§ **What to do**: Return the run of lines below that opens with the line containing "Red Sox Wallpaper 1920x1080" and closes with the line containing "Main Image - Tucker", keeping each one exact.

§ **Source records**:
•••

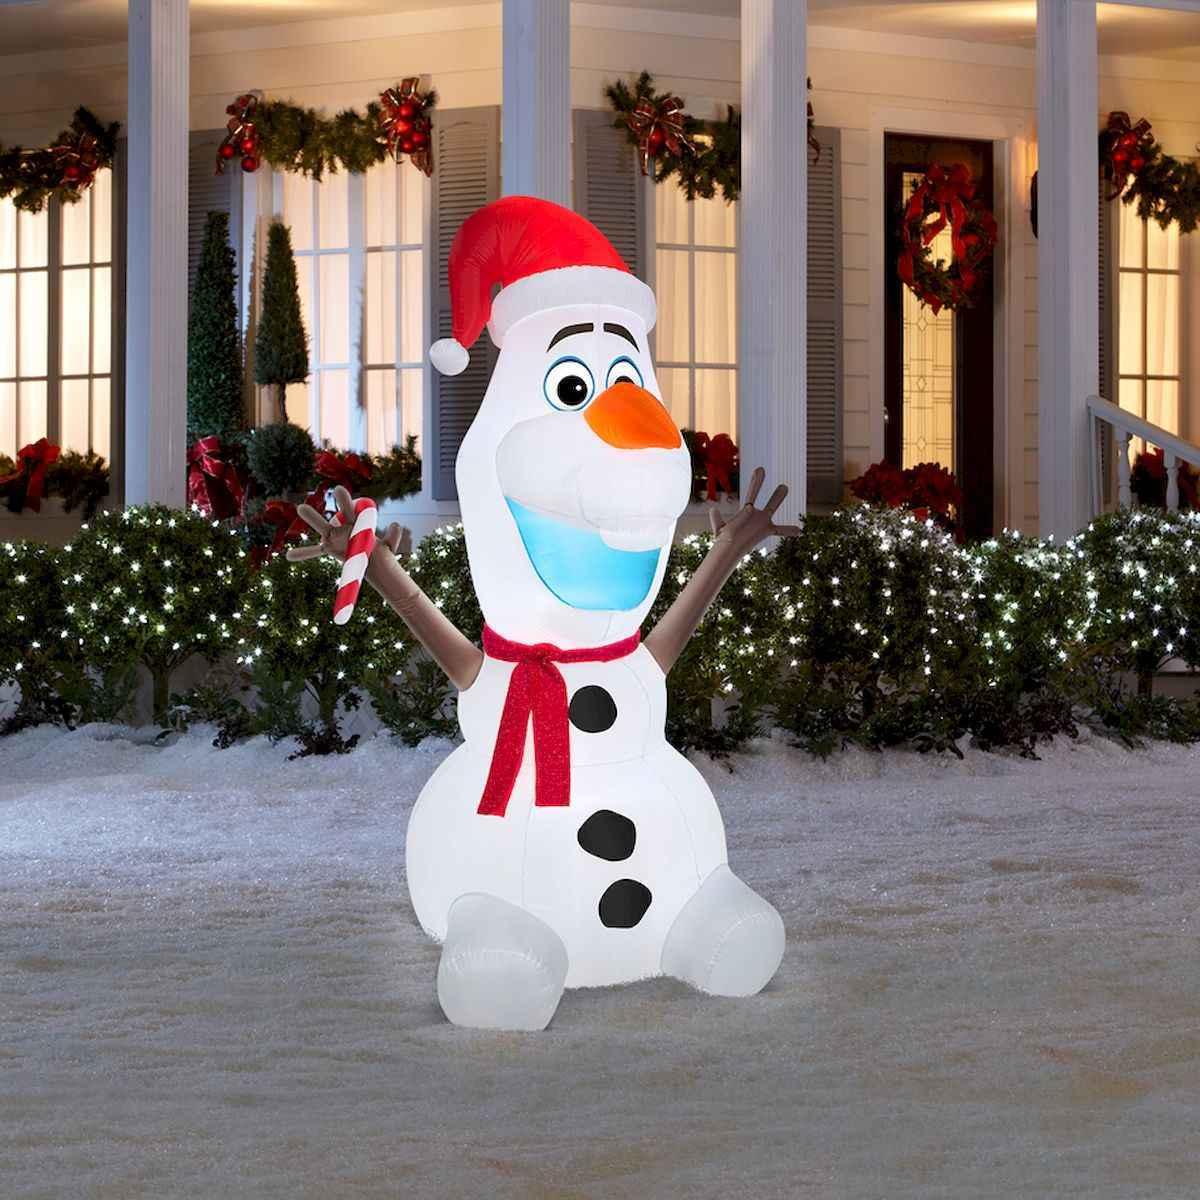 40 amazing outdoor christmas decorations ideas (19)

•••

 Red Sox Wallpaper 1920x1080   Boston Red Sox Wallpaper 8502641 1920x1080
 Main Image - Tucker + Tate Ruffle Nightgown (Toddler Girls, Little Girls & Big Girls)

•••

§ **Answer to this task**:
 Red Sox Wallpaper 1920x1080   Boston Red Sox Wallpaper 8502641 1920x1080
 Main Image - Tucker + Tate Ruffle Nightgown (Toddler Girls, Little Girls & Big Girls)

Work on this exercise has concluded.